ReplyDeleteTo prove that we lack even consistent definitions of the groupings, just go out and ask someone to define what a "core bond index" allocation should include. Or what an "emerging markets equity benchmark" looks like. Or what "foreign developed equity" should include by way of countries and securities. You won't get a consistent answer. You can ask people what certain benchmarks look like, but who declared the benchmark providers to be the arbiters of what truly represents true market exposure in each sector? The various providers use their own arbitrary methodologies and they get different results.
So we must conclude that benchmarks are not markets; they are simply our best efforts to represent these markets. As proof that there is no agreement on how to define markets, just go ask a few portfolio managers to set the capitalization limits for U.S. small cap, mid cap and large cap. You won't even get them to agree on whether mid cap is truly a sector (some believe that it's really "large + mid" and small, while others think that mid cap is a sector that BOTH large cap and small cap managers use.) So where does small cap begin and end? $1 billion? $2 billion? $3 billion? All of these answers have some degree of support among equity managers. Same is true for large cap. Is the S&P 500 really large cap? When the index was developed back in the 1950s it was meant to be a proxy for the entire U.S. equity market, not just the largest companies. That's why a close look at the S&P 500 will show that it is about 85% large cap with the rest split between both mid cap and small cap stocks.

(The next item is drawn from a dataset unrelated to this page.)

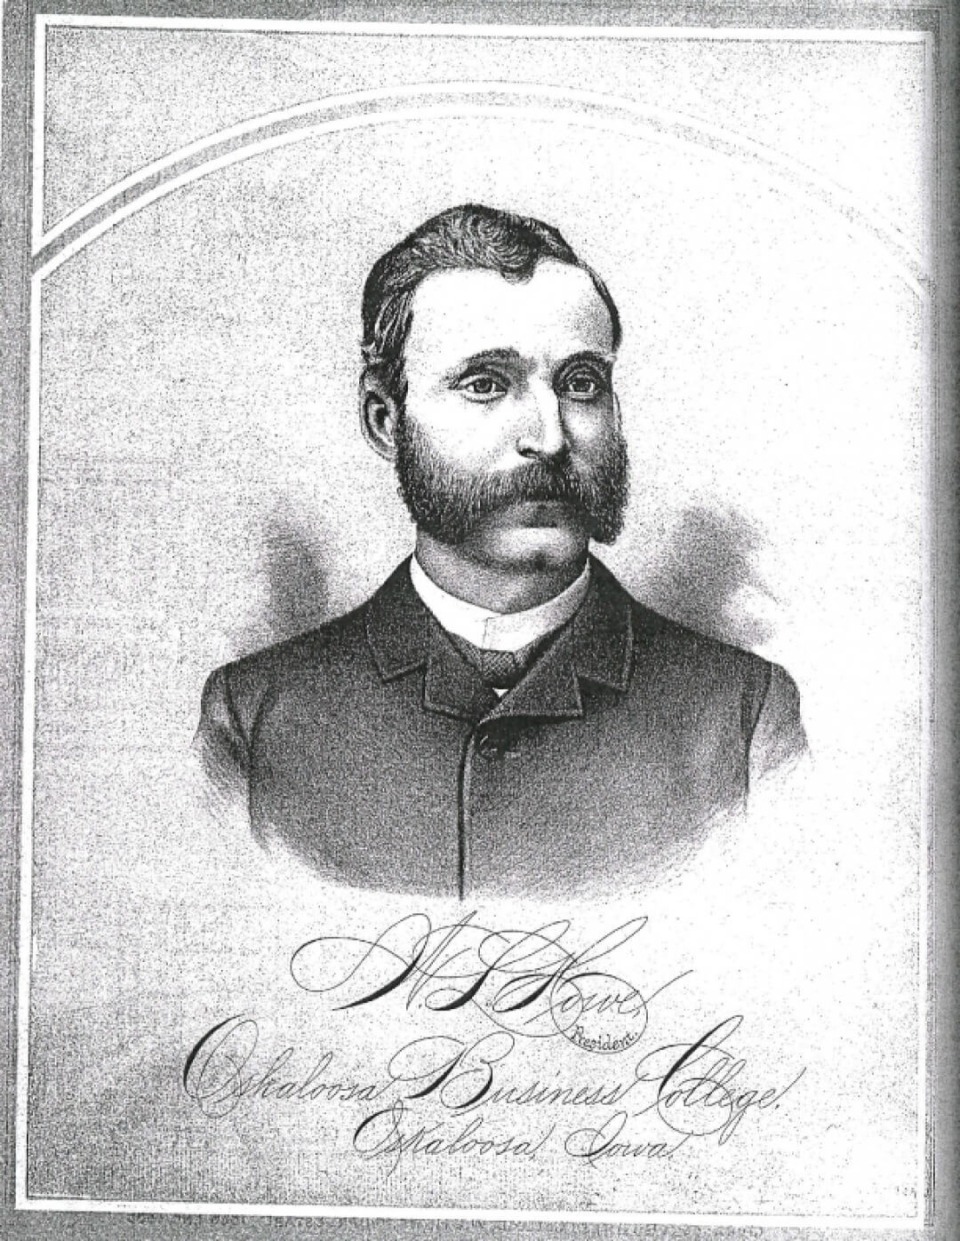 Portrait of professor William L. Howe

So, is there any wonder that there is a lot of dispersion in the styles represented by a single peer group? This is perhaps not so much a criticism of peer groups as a device, since there is a breadth of opinion on what constitutes each market sector benchmark. As a result, some of the performance difference within a peer group is really structural in nature, showing the value of holding certain market exposures (both strategically and tactically) as opposed to others. The remainder is a "selection" effect.

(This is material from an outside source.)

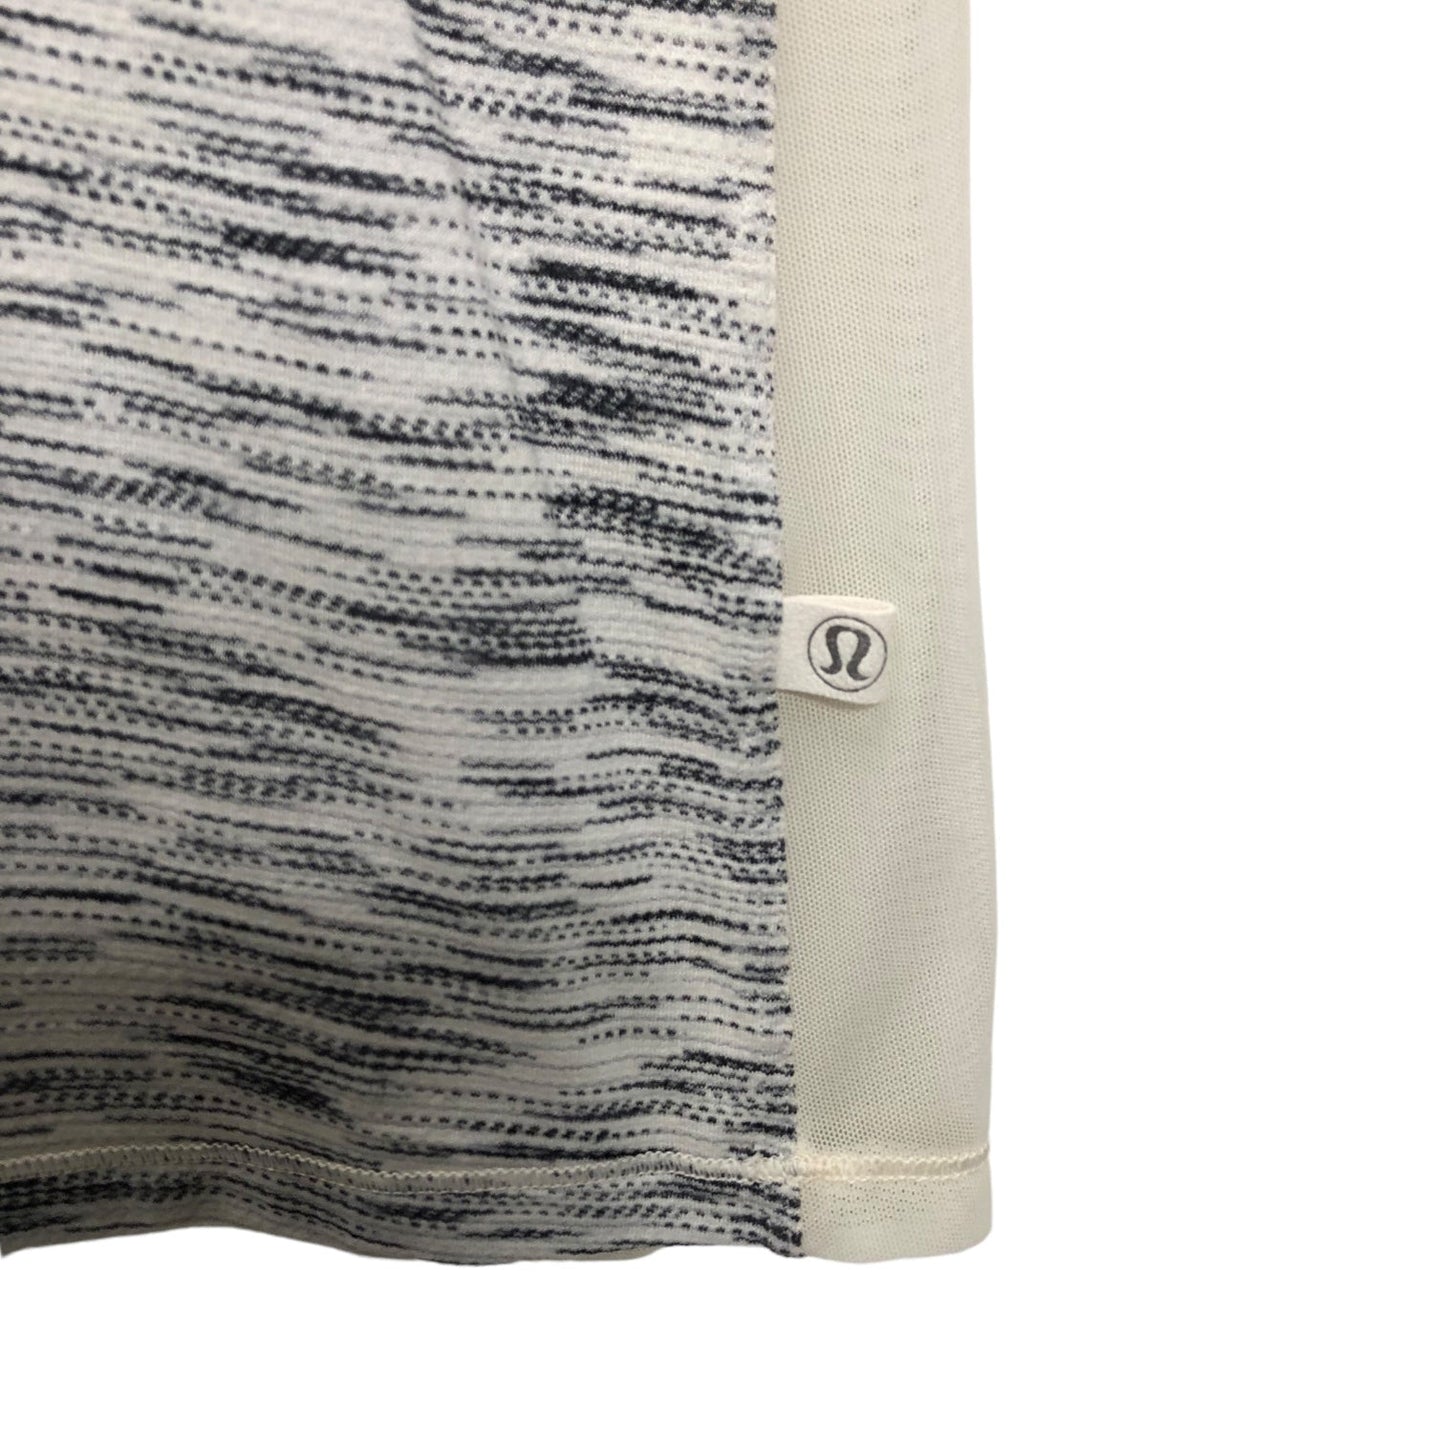 Grey & White Athletic Top Short Sleeve Lululemon, Size 6

With this in mind, perhaps we might all treat peer groups with a little more respect. After all, are we really going to say that ALL clients who request information on peer group rankings and performance are COMPLETELY wrong in their requests? Or might it be that they understand the relevance of each manager's performance relative to the consensus on what constitutes a market segment?
Finally, we might do well to refresh our perspective by reading Bill Sharpe's classic paper called "The Arithmetic of Active Management" where he uses common-sense (rather than Nobel-winning mathematics) to show that in aggregate the performance of active managers must equal the performance of the market, minus their active fees. So, if the managers ARE the market, then the criticism of peer groups must be "allocated" in part to a criticism of the benchmarks we use to proxy "the market."
Perhaps we need a little less faith in the benchmarks...
Some excellent points...sorry for my delay in posting this (it got lost). Being aware of all of these potential differences which can in of themselves contribute to differences is important but unfortunately not visible. So I guess "caution" or "buyer beware" might be appropriate statements to accompany the results.